What is required ▸
Drop all images. Then write out each line below exactly as given.

Dataset excerpt ▸
/---
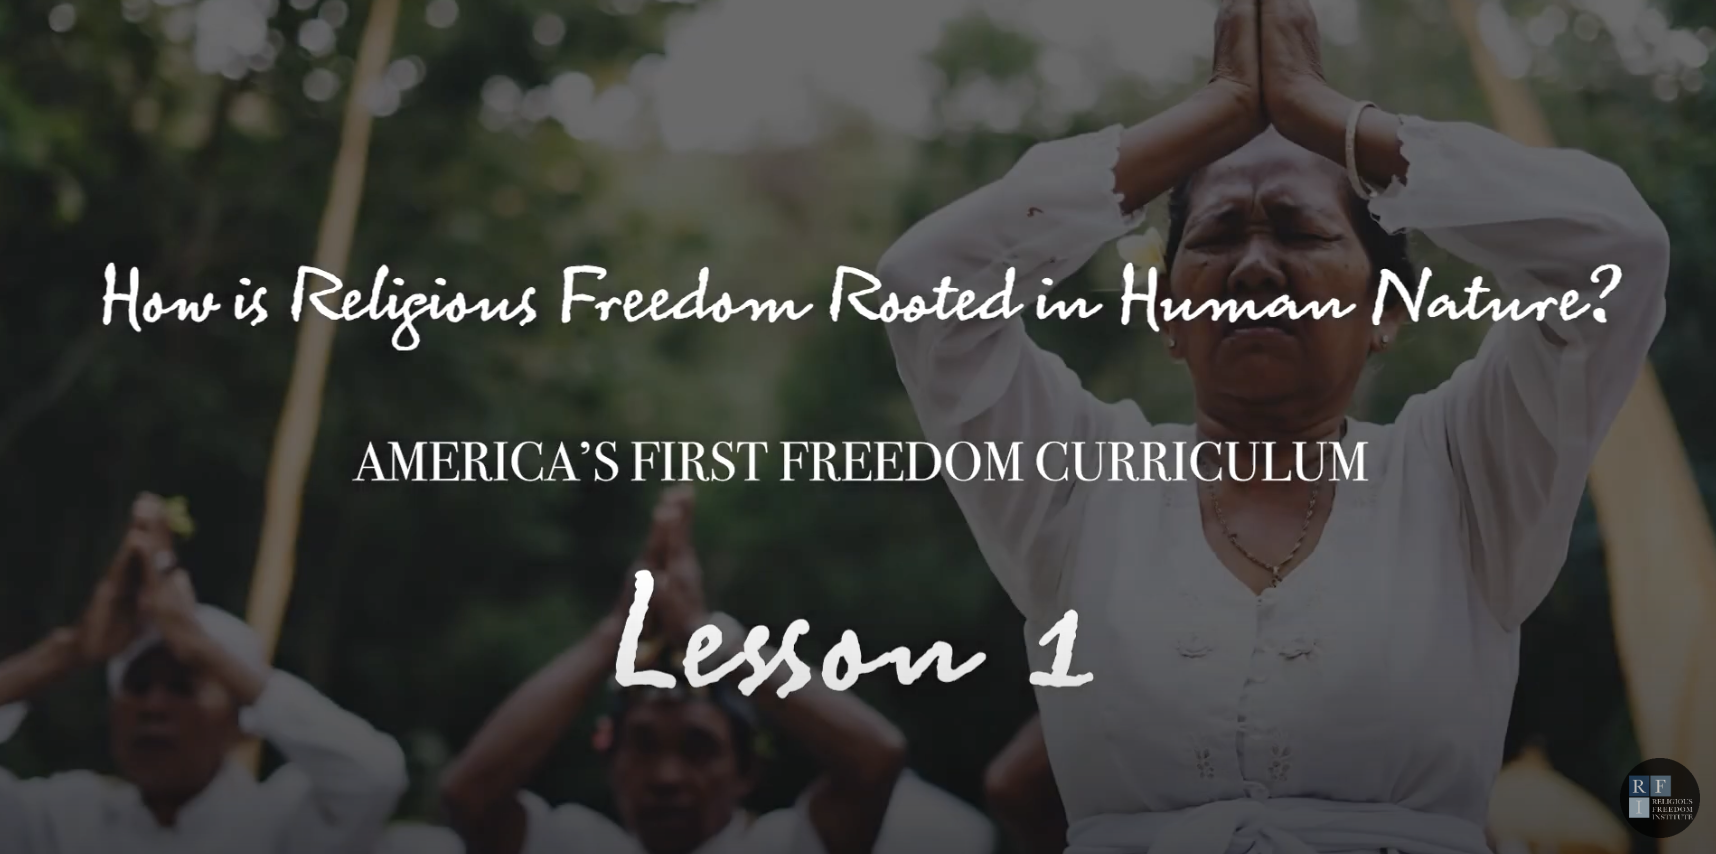 Featured image for “America’s First Freedom Curriculum Series | Video 3”
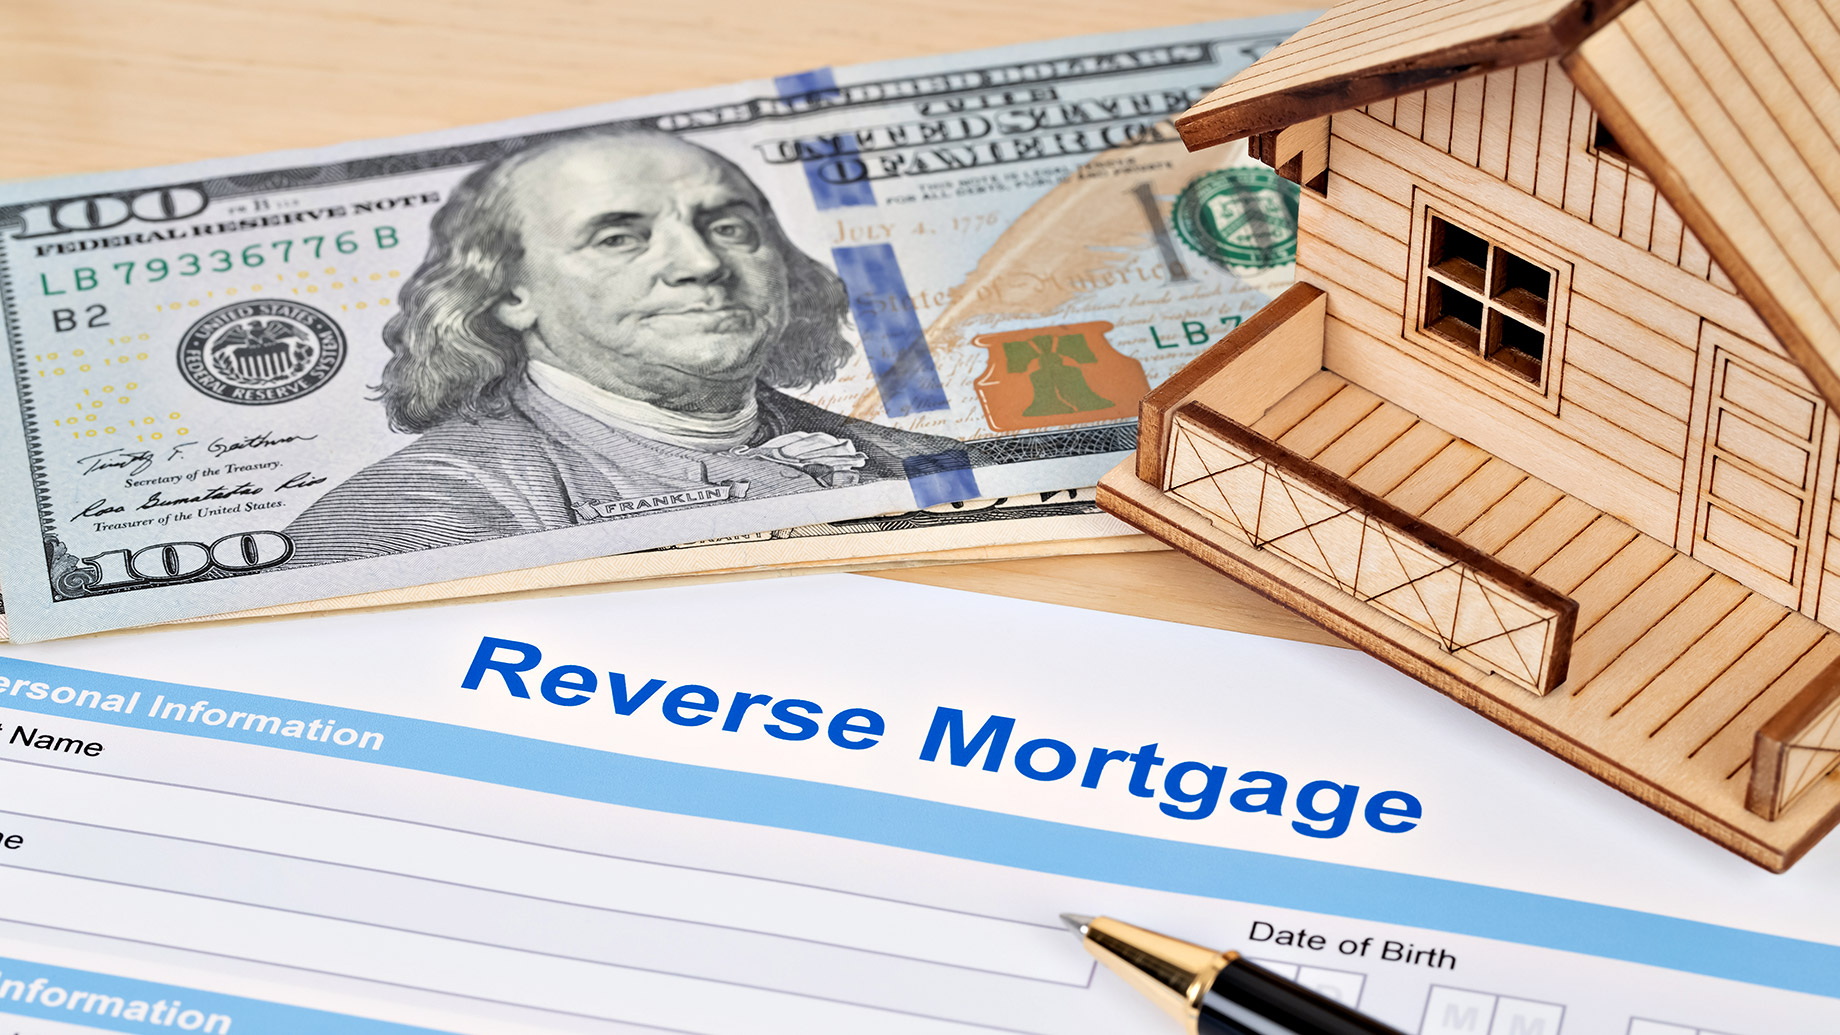 7 Important Things You Need To Know About Reverse Mortgages
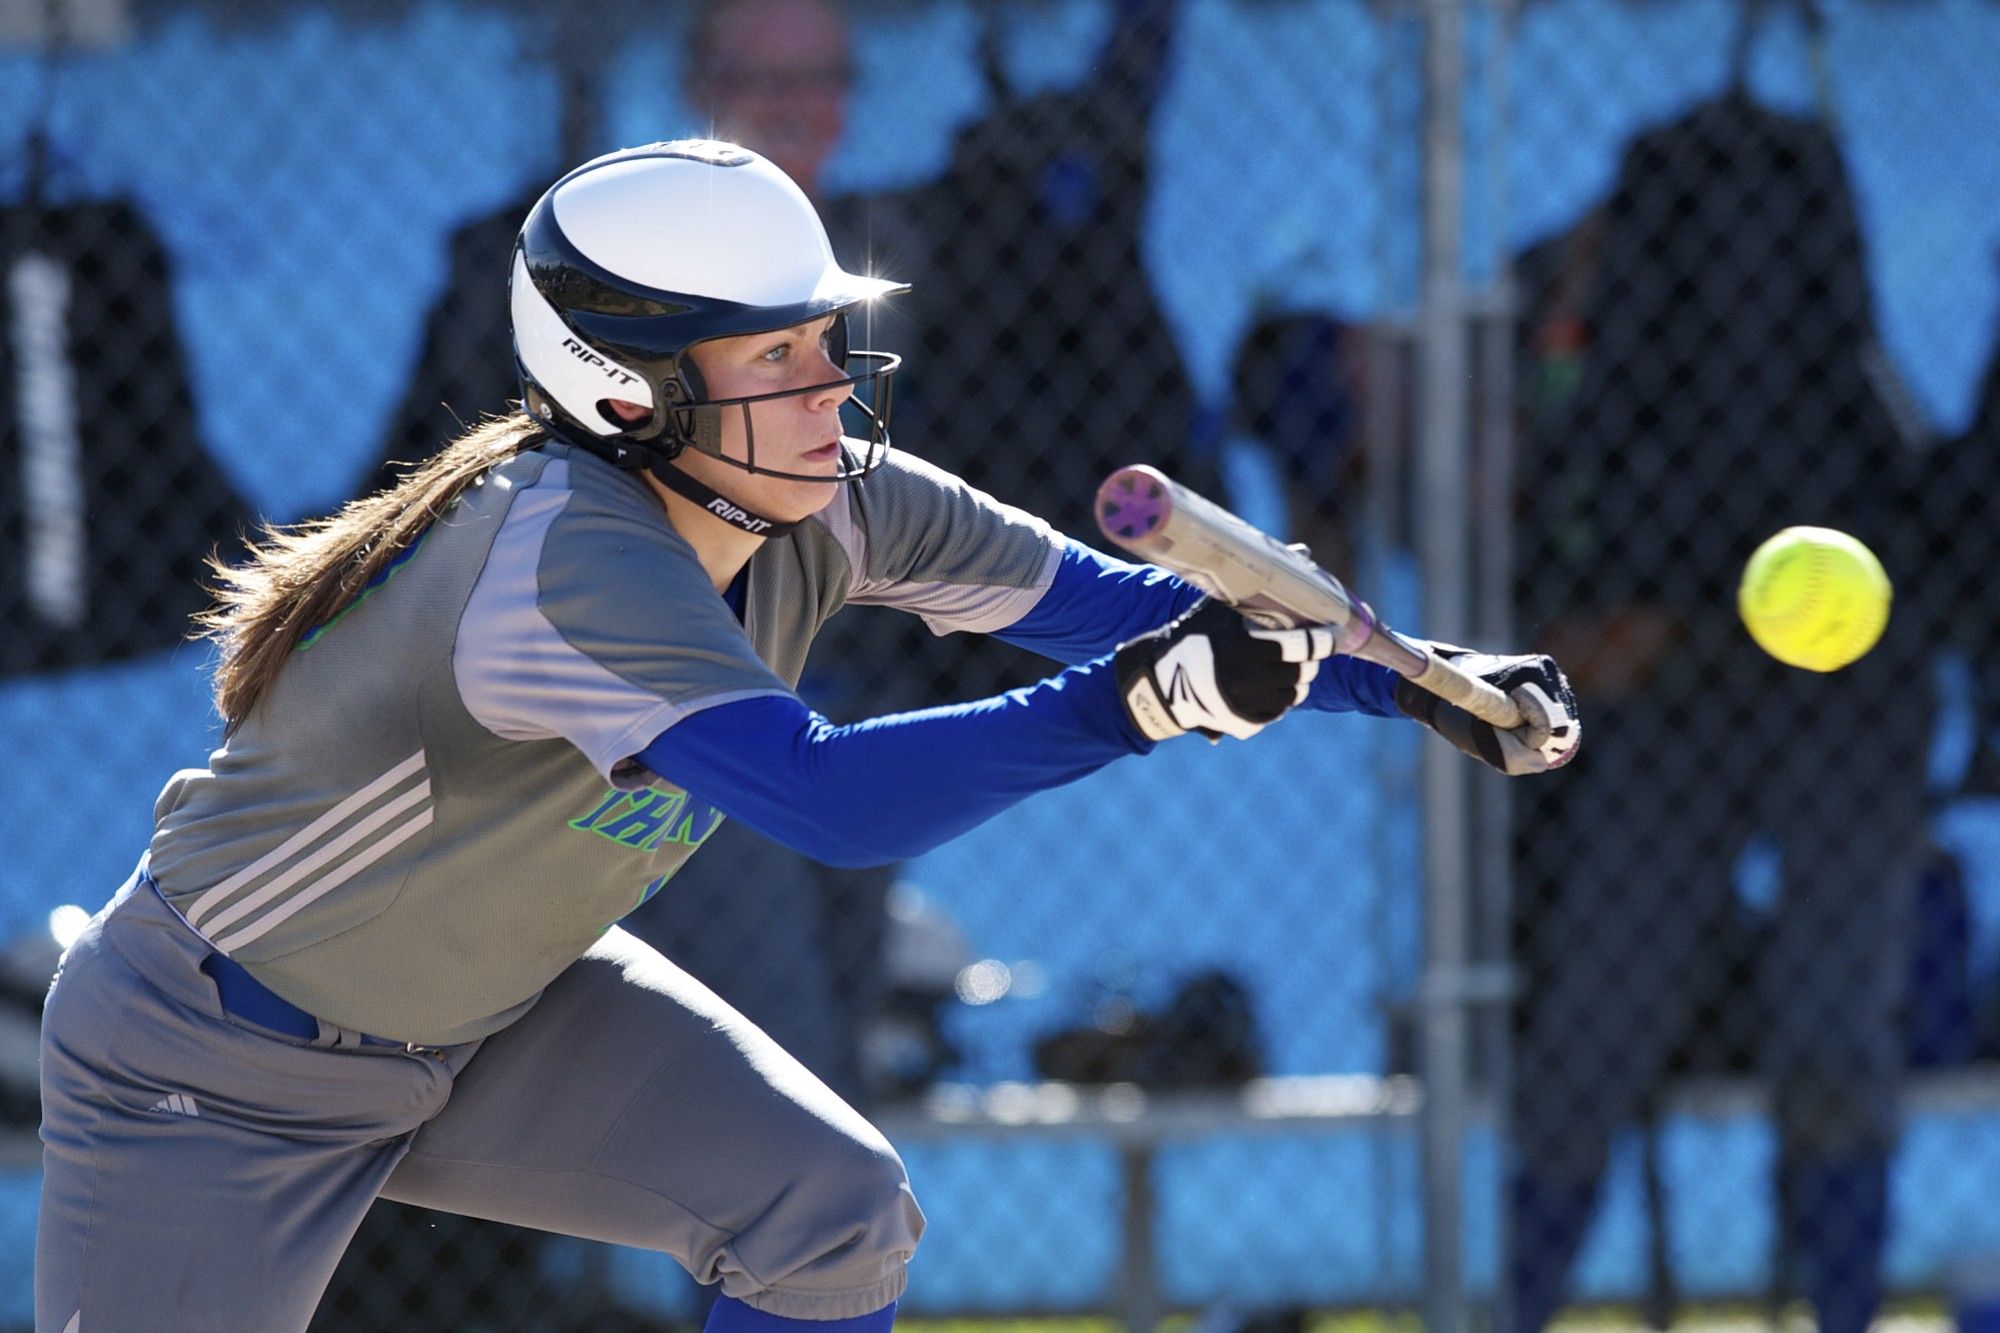 Mountain View softball pitcher Colleen Driscoll's recover has amazed her teammates.
\---
Solved exercise ▸
 Featured image for “America’s First Freedom Curriculum Series | Video 3”
 7 Important Things You Need To Know About Reverse Mortgages
 Mountain View softball pitcher Colleen Driscoll's recover has amazed her teammates.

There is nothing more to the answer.